The approach adopted in Alvarado is not novel, and, in fact, it tracks the enforcement position taken by the Division of Labor Standards Enforcement (DLSE) since at least 2002. However, California case law regarding the regular rate of pay has traditionally deferred to the federal regulations, so Alvarado represents a notable departure and another potential pitfall for California employers, particularly those with employees both within and outside of the state.

The California and federal methods of calculating overtime on such bonuses are unlikely to yield widely divergent results in practice. Nevertheless, the potential liability for California employers who have, until now, taken the FLSA approach may be significant, given the potential for penalties on derivative claims, like waiting-time penalties under Labor Code Section 203 or civil penalties under the Private Attorneys General Act (PAGA). Employers can reduce some of this risk by making one-time payments to current employees to make up the difference on flat-sum bonuses already paid. In many cases, these payments would be relatively small (particularly if the employees do not work substantial amounts of overtime) and would likely eliminate the potential for much larger waiting-time penalties if litigation were to arise. Such corrective action may also support a reduction in any penalty award if the employer were found liable in a PAGA action.

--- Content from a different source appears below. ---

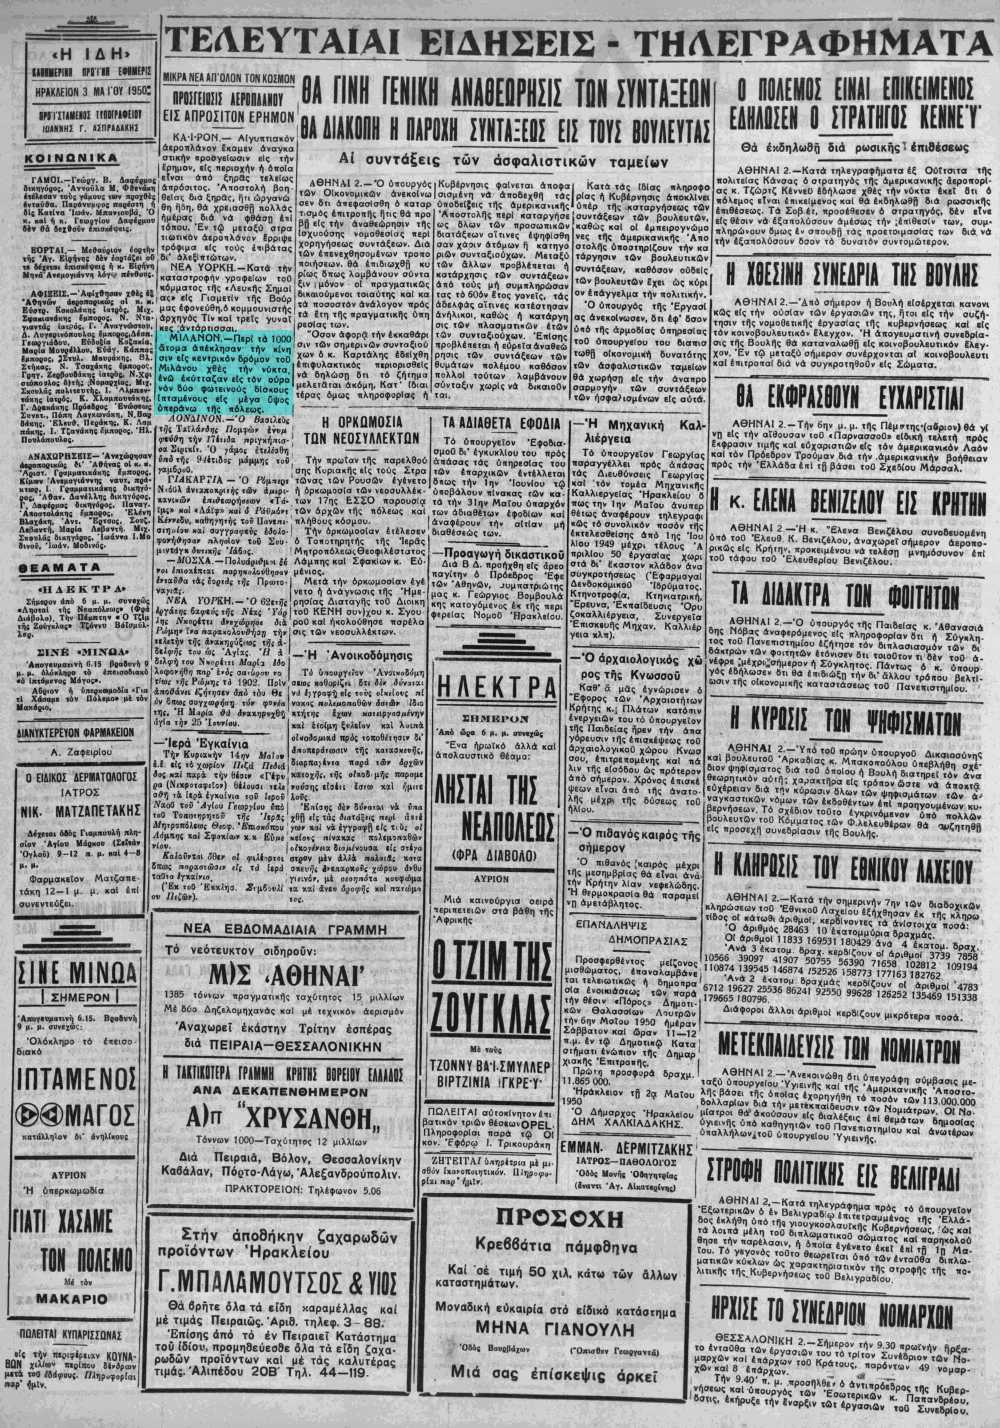 """Το άρθρο, όπως δημοσιεύθηκε στην εφημερίδα """"Η ΙΔΗ"""", στις 03/05/1950"""

Finally, employers should be aware that the Alvarado methodology does not appear to apply to all types of nondiscretionary bonuses. Alvarado concerned a flat-sum attendance bonus of $15, which employees earned each time they worked a Saturday shift of any length. The court carefully distinguished between that type of bonus—which is wholly independent of the hours worked—and bonuses based on productivity, like “production or piecework bonus[es]” or “commission[s],” which “increase[s] in rough proportion to the number of hours worked.” Slip op. at 29.

Without deciding the issue, the court indicated that a different method would likely be appropriate for productivity-based bonuses. Notably, the DLSE makes the same distinction between productivity-based and flat-sum bonuses, and it tracks the FLSA regulations for calculating overtime on productivity-based bonuses.